Look below for the line that contains "Wonderful two-doored Biedermeier" and the line that contains "The half-columns at the", then restate both of them and every line in between, exactly. No picture goes in the copy.

## Data to examine
##############################

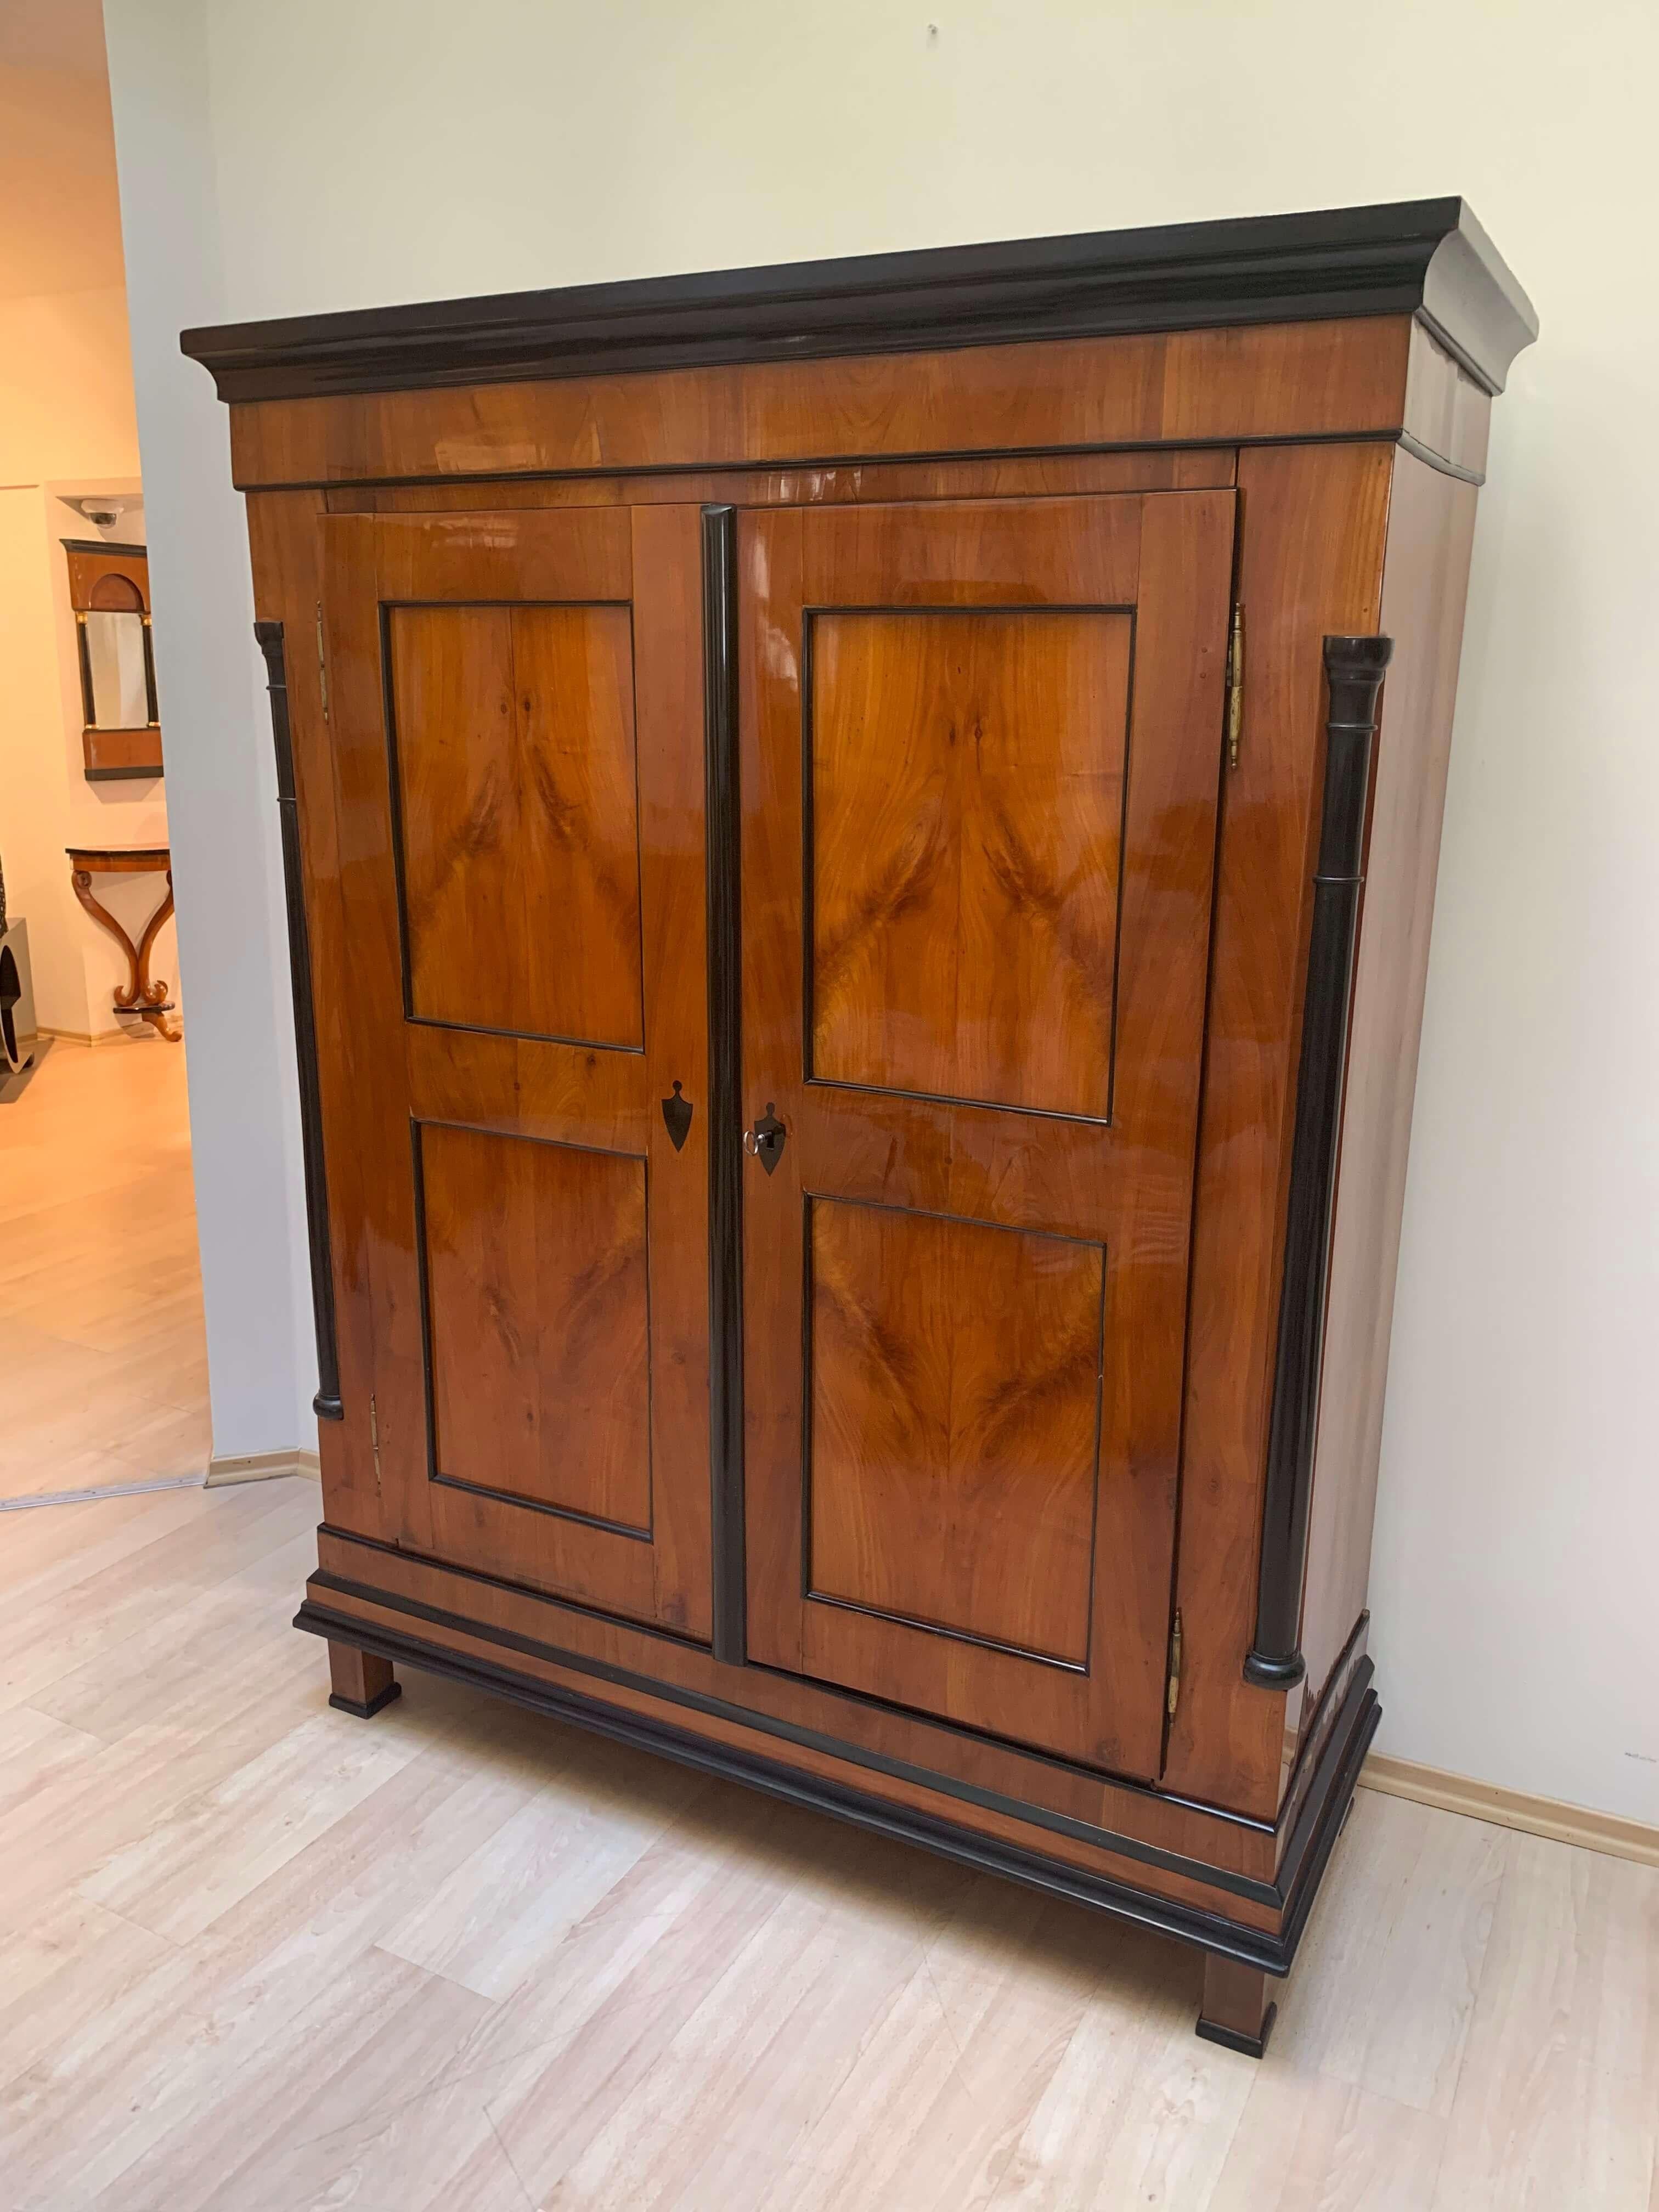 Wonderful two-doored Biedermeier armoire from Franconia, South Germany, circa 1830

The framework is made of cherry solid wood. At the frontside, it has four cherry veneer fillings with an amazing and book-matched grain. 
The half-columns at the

##############################

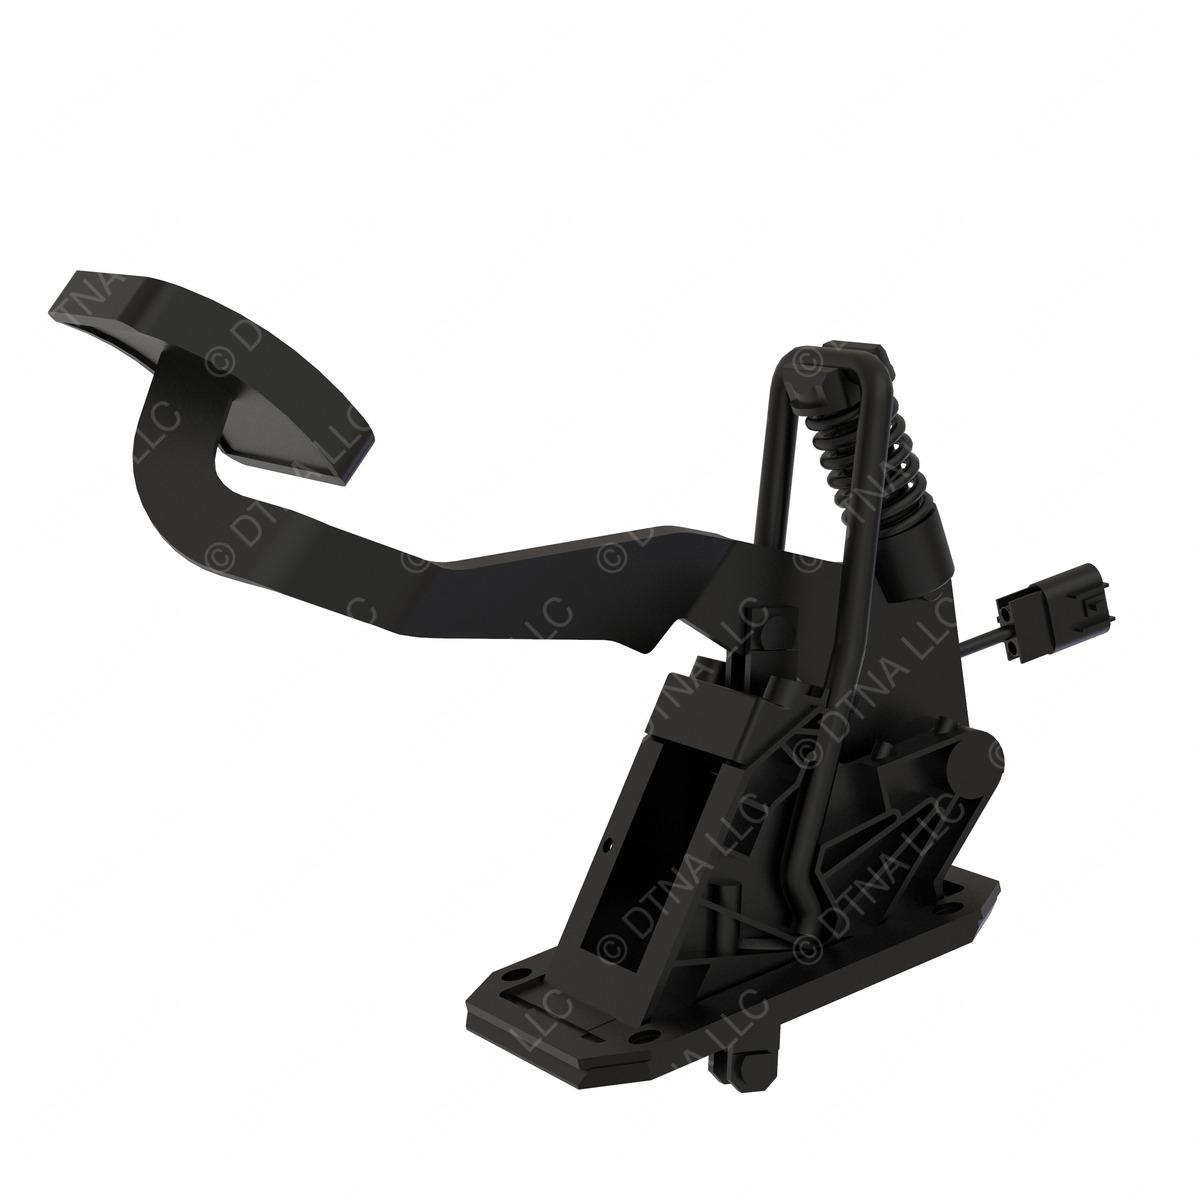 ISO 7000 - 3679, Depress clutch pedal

##############################

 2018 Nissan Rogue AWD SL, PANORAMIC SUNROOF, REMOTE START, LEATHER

##############################

## Task answer
 Wonderful two-doored Biedermeier armoire from Franconia, South Germany, circa 1830

The framework is made of cherry solid wood. At the frontside, it has four cherry veneer fillings with an amazing and book-matched grain. 
The half-columns at the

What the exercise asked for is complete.